Татьяна тут же перезвонила.

– Ну, смерть, если он не переживет процедуру. Мол, контраст вводят под давлением. И если там тромб, то он…

– Ох-х, Татьяна… напишите мне сразу после процедуры и результат присылайте.

«Живой», – пришло сообщение через полчаса.

«Нашли тромбы!!!» – пришло сообщение еще через два часа.

Тромбоз мезентериальной артерии на 85 % и верхней брыжеечной артерии на 80 %.

Тромбы – оба – большой протяженности. Оставляют место кровотоку, растут медленно, организм успевает «подстроиться». Но потребность в дополнительном кровотоке для переваривания еды такие сосуды уже не могли обеспечить. Вот и возникали боли.

По сути, это та же стенокардия, только не на уровне сердца, а на уровне кишечника. Кишечная жаба, кишечная абдоминальная ишемия – так называется это состояние.

Такой стеноз требует хирургического вмешательства.

«Куда нам теперь с этим?» – прилетает мне ожидаемый и закономерный вопрос.

«Снова к сосудистым хирургам в кардиоцентр».
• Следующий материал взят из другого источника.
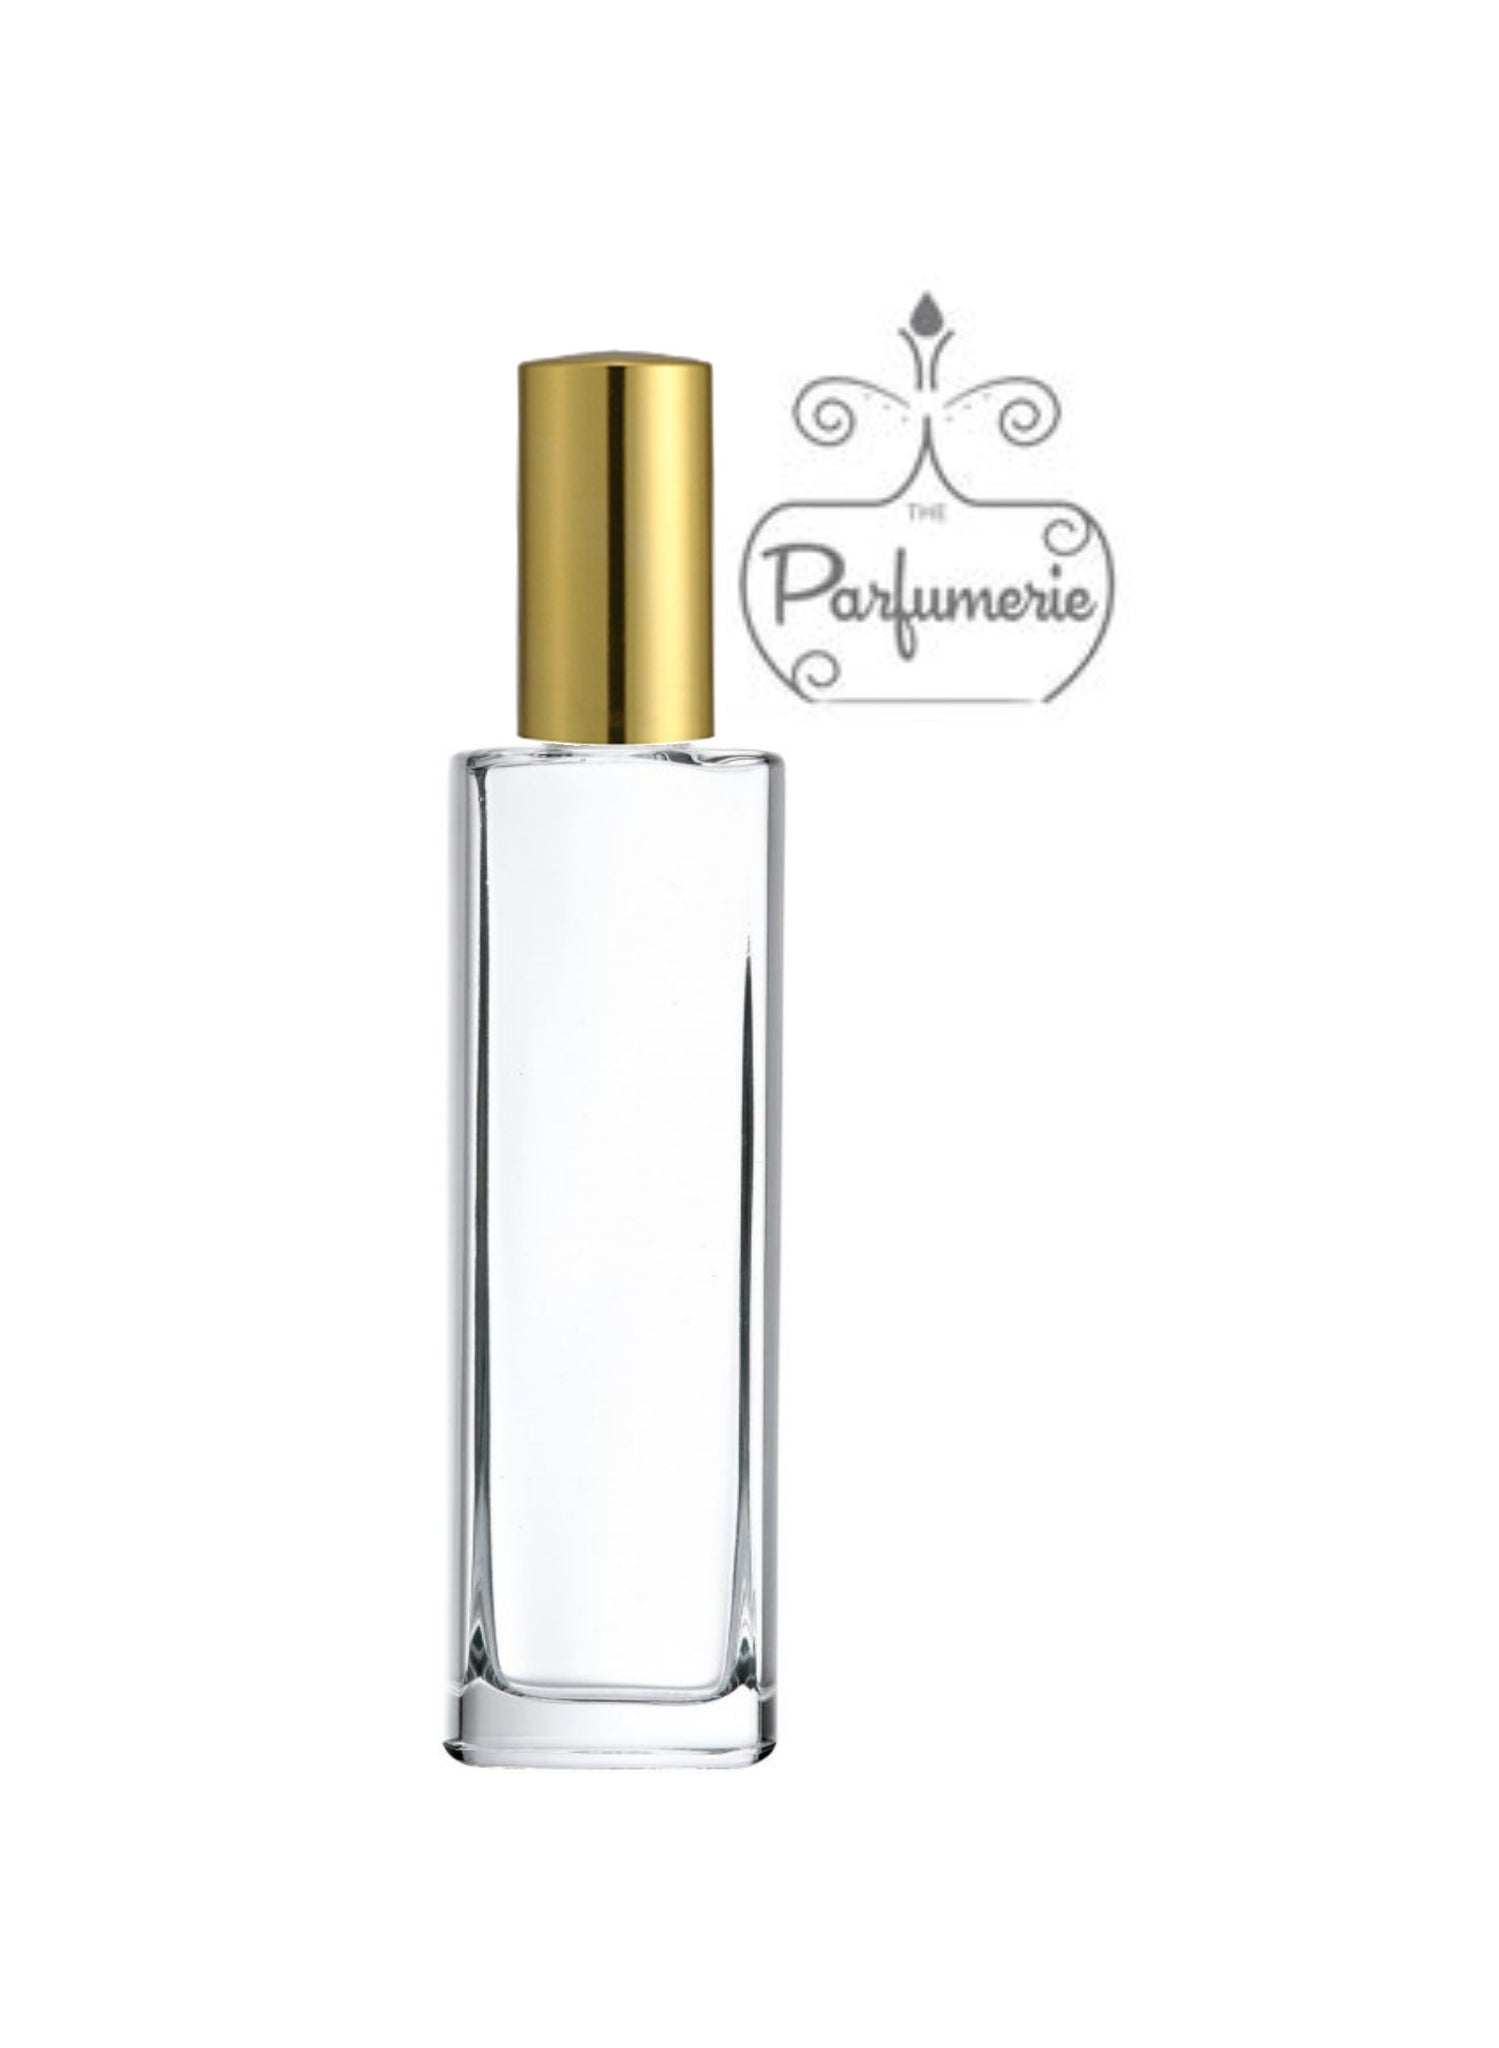 Perfume Oils and Sprays

Я бы очень удивилась, если бы история на этом закончилась.

«Елена Александровна, не взяли нас… снова».

«О господи, ну теперь-то что им не так?» – это я ворчу про себя и набираю коллегу из кардиоцентра.

Рассказываю нашу историю в пяти предложениях. И задаю вопрос: «Так а чего не берете-то?!»

– У нас квот нет на брюшную аорту. На сердце и коронарные его сосуды берем с колес и в первые часы после инфаркта творим чудеса. А здесь… две операции в год.

Да, дело не только в квоте. Такого уровня операции должны делать те, кто делает их… чаще. На потоке.

Я снова ринулась в медицинское сообщество. Прикидывала, отправлять пациента в Питер или в Москву, как квоту найти, у кого просить…

Счастье оказалось гораздо ближе. Оказывается, что ростовский медуниверситет – то самое место, где операции на сосудах брюшной полости проводятся гораздо чаще.

Уже через неделю пациент был госпитализирован к сосудистым хирургам нашей альма матер. Еще через двое суток Татьяна присылает победное сообщение:

«Прооперировали! Три стента! Стеноз был девяносто процентов!!!»

То ли тромб подрос, то ли на КТ «недосчитали» масштаб тромба, а только «стенты» спасли Сергея от гангрены кишечника. Еще бы немного, и он стал бы отмирать из-за нарушения кровоснабжения.

Вот так из аутоиммунной боли в спине «вылупилось» три тромбоза, опасных для жизни.

Совсем не ревматологический же пациент оказался.